Since its introduction by Cuschieri et al. in 1992,22 laparoscopic paraoesophageal hernia repair has gained popularity and proven to be feasible, safe and effective.2330 Laparoscopy provides an attractive option because it combines some of the advantages of both thoracotomy (access to the hiatus and ability to perform extensive mobilisation of the oesophagus under direct vision) and laparotomy (lower morbidity and no need for single-lung ventilation or postoperative chest tube). Further, this minimally invasive approach may be better suited for the elderly patients in whom this disease most commonly occurs. This is a technically challenging operation that requires advanced laparoscopic skills, but when performed properly, carries a recurrence rate similar to the open approach.31

Set-up and port placement

The patient is placed in the supine split-leg position under general anaesthesia. Intravenous antibiotics are given, and sequential compression devices and a Foley catheter are placed.

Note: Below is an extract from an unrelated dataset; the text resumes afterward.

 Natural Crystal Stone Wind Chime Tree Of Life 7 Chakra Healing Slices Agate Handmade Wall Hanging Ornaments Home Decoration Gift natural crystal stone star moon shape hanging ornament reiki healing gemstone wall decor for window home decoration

The operating surgeon stands between the patient’s legs, with the first assistant positioned on the patient’s left side.

A total of five trocars are used (Fig. 17.2). Peritoneal access is gained using a Veress needle, and an 11-mm trocar is placed just left of the midline, 15 cm caudal to the xyphoid process. Two ports are placed in the left subcostal position, a 12-mm trocar 12 cm lateral to the xyphoid process, and a 5-mm trocar 8 cm further to the left. Finally, two 5-mm ports are placed along the right costal margin, one in the subxyphoid position and the second approximately 10 cm lateral. A Nathenson liver retractor is used to retract the left lobe of the liver and expose the oesophageal hiatus.